● TASK PROMPT
A verbatim copy of the listing is what is needed, minus any pictures.

● GIVEN INFORMATION
====================
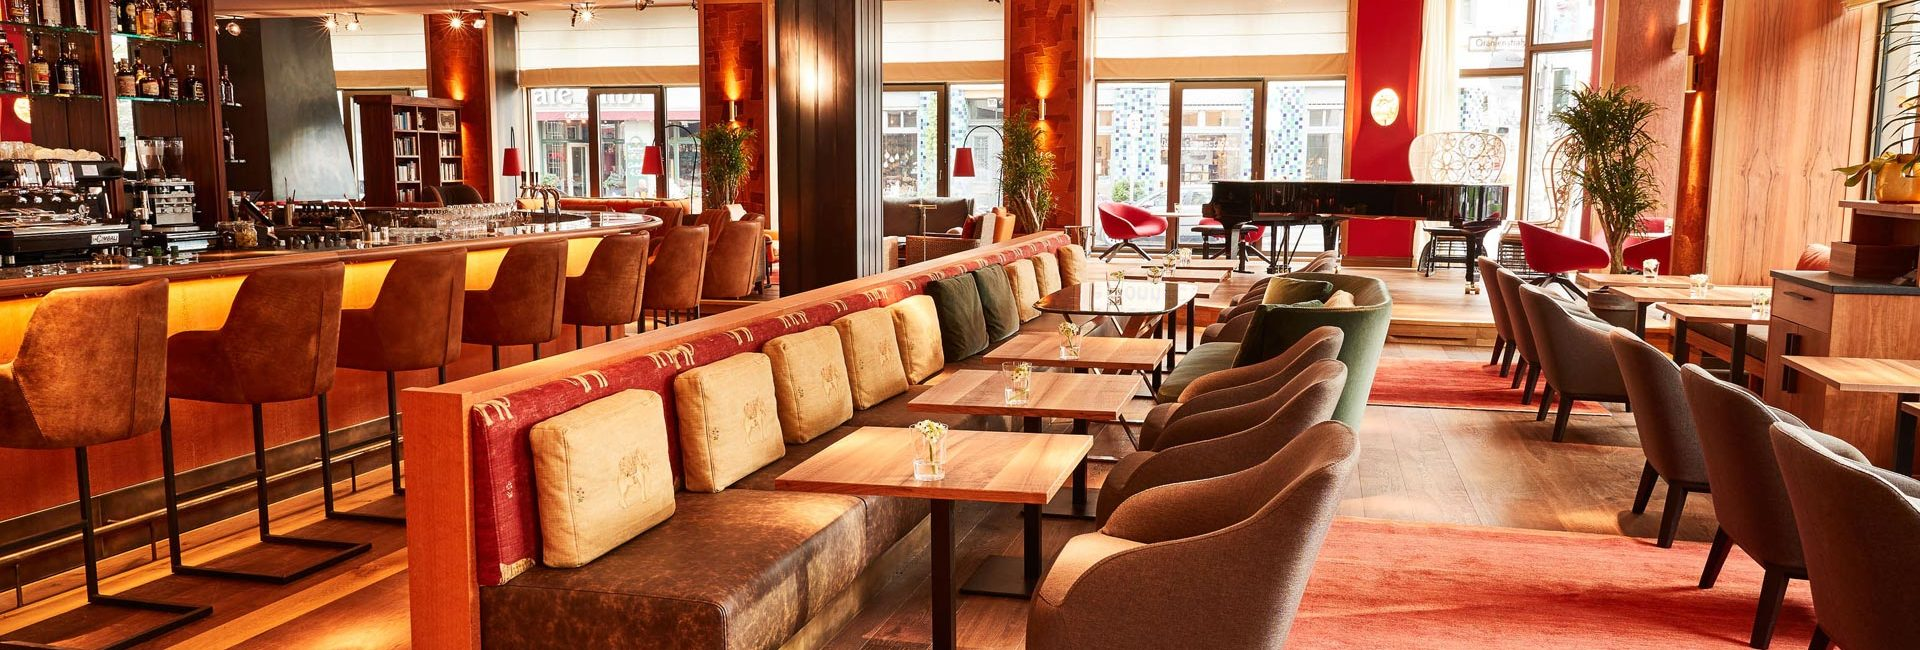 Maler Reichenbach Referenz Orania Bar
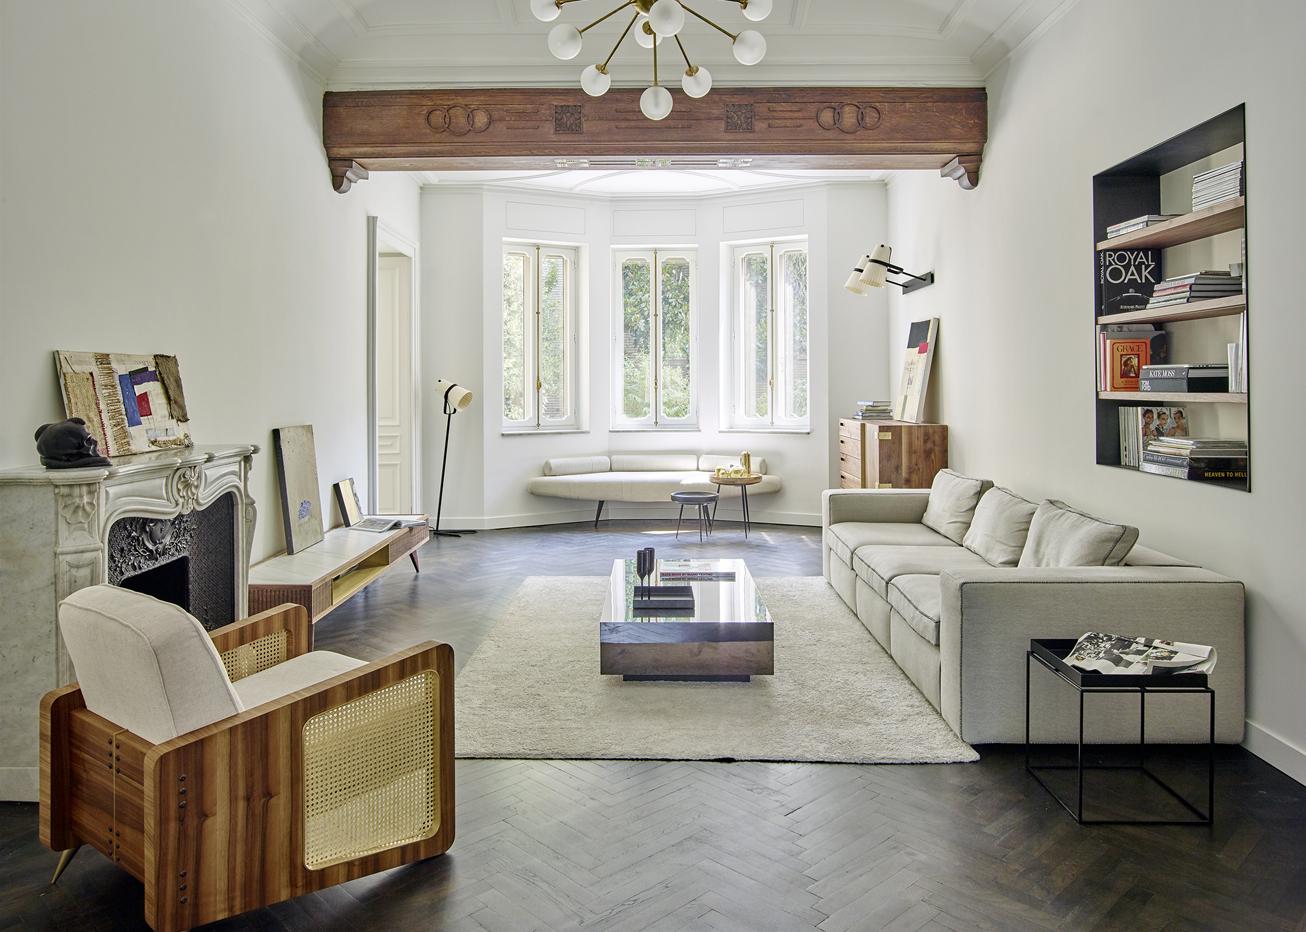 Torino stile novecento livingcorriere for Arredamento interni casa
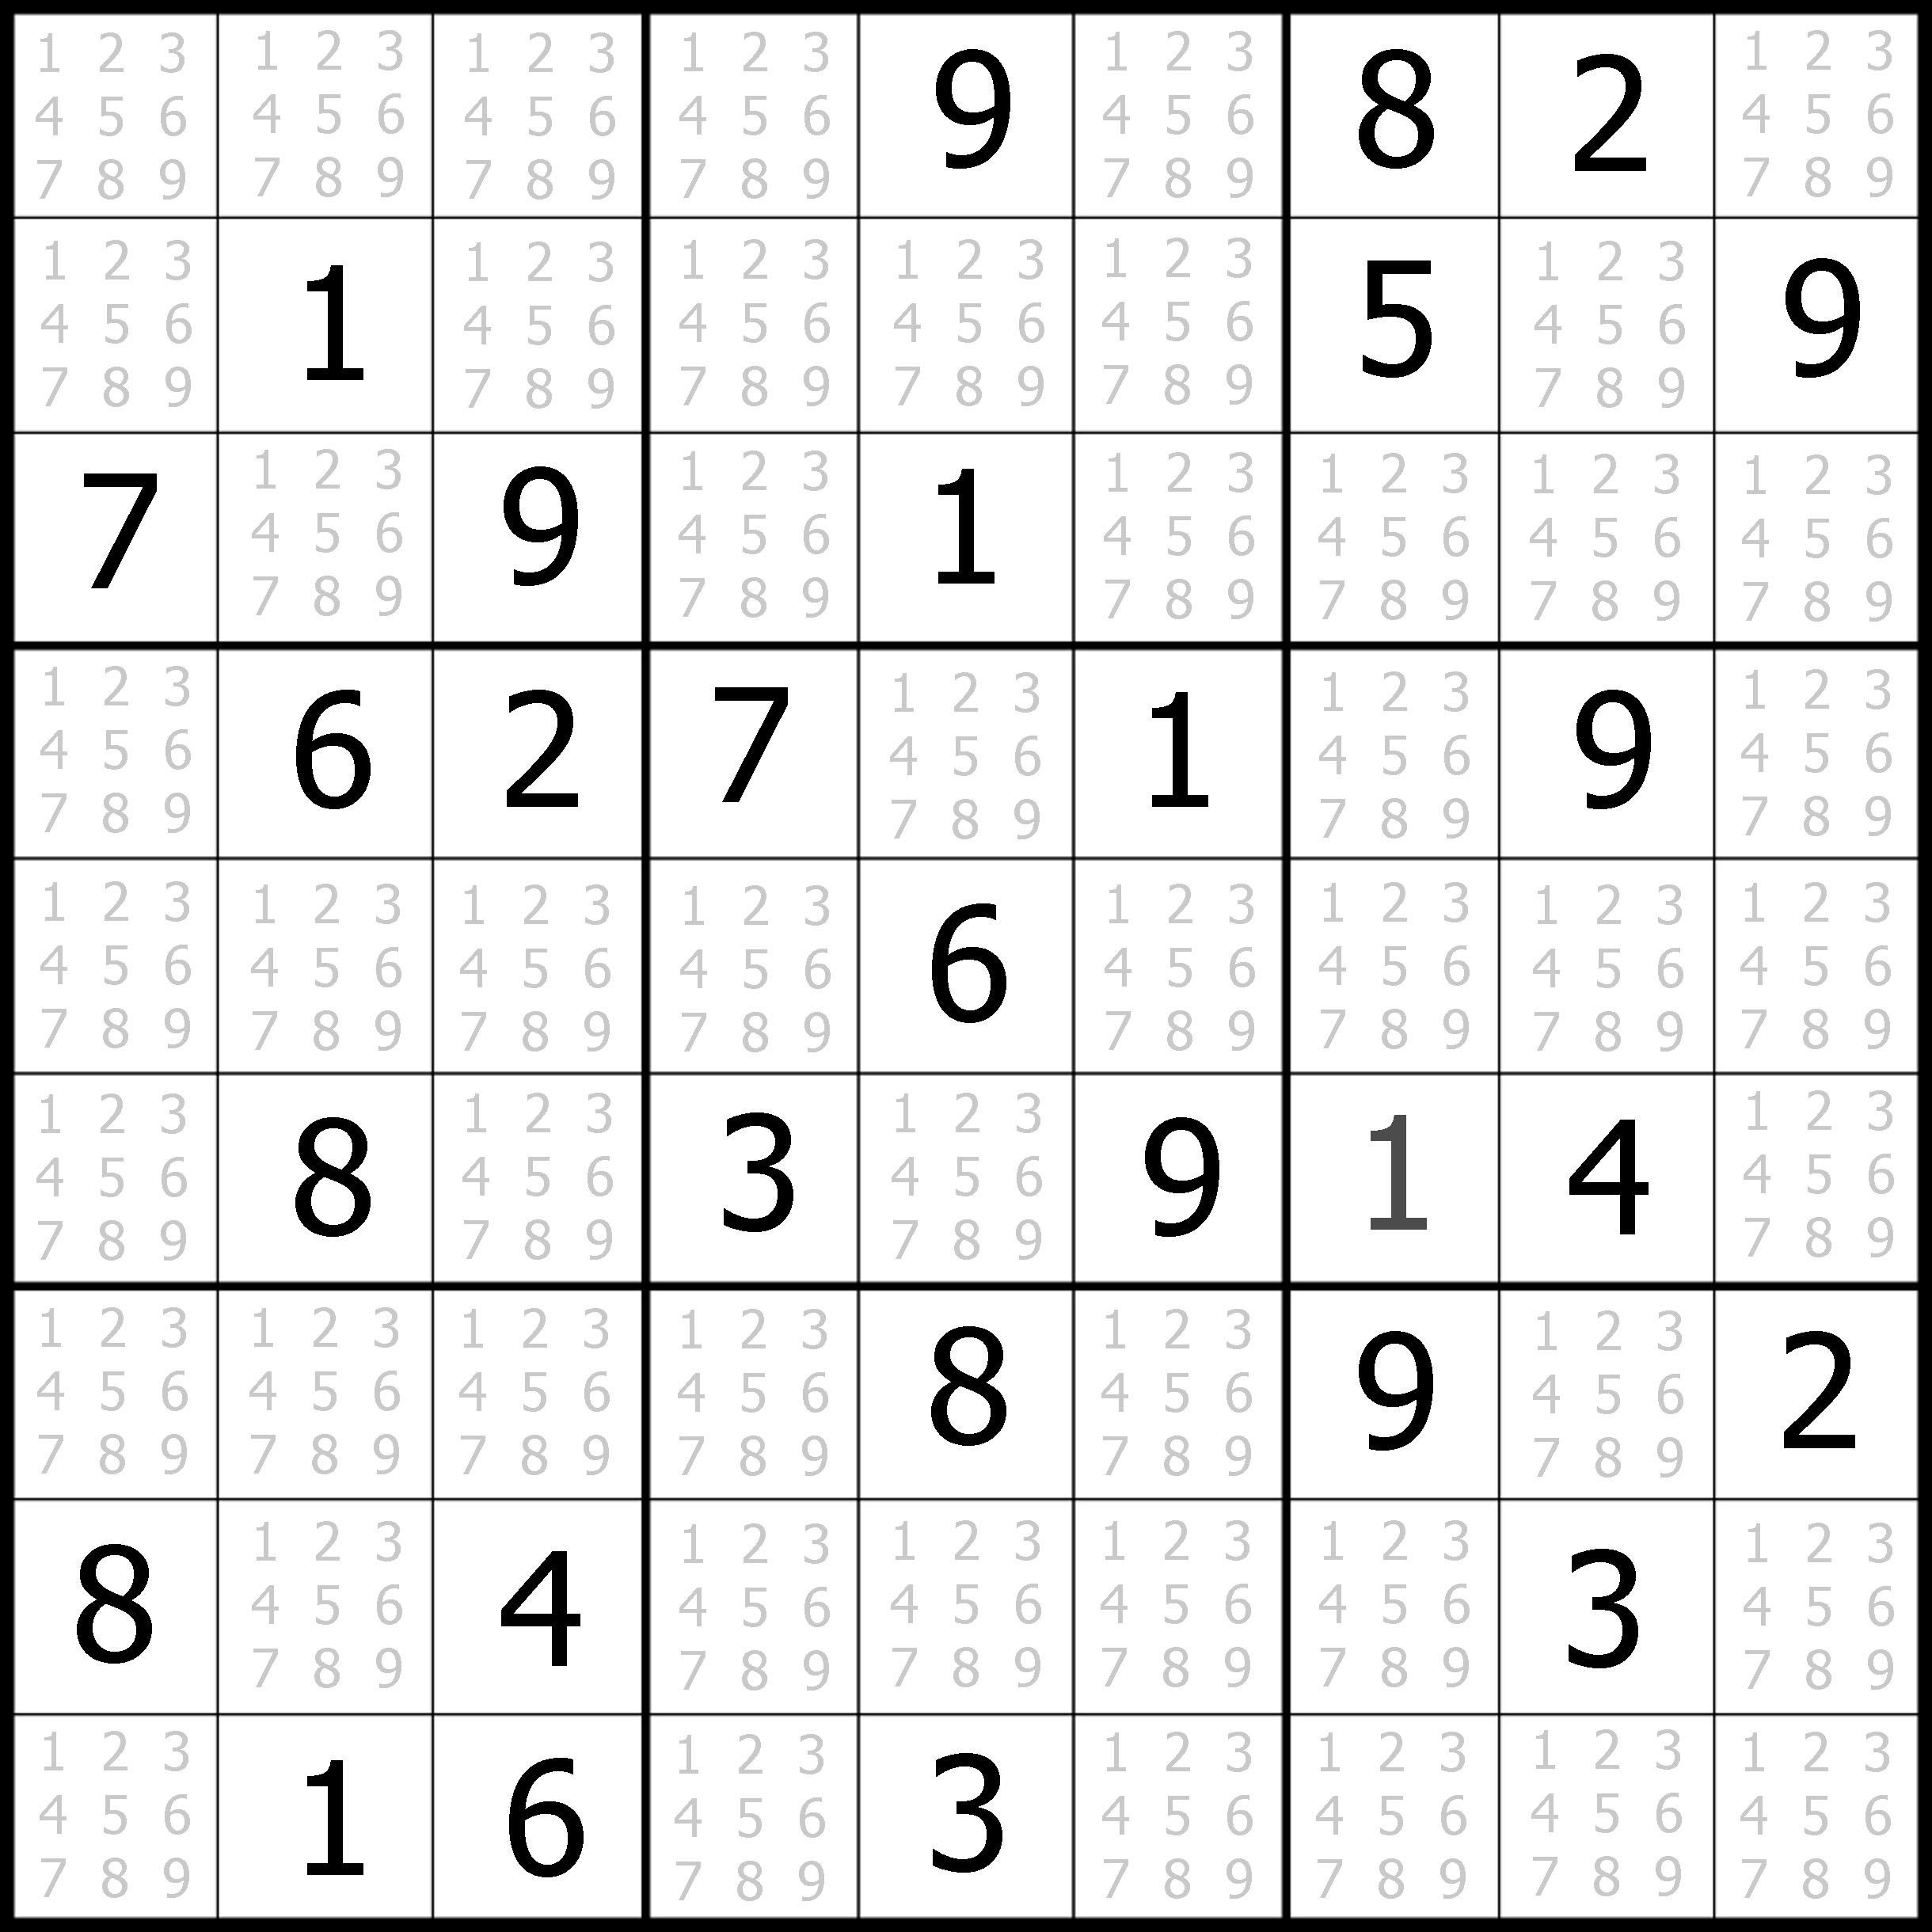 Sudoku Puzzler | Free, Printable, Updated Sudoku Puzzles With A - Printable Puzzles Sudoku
====================
● EXERCISE RESULT
 Maler Reichenbach Referenz Orania Bar
 Torino stile novecento livingcorriere for Arredamento interni casa
 Sudoku Puzzler | Free, Printable, Updated Sudoku Puzzles With A - Printable Puzzles Sudoku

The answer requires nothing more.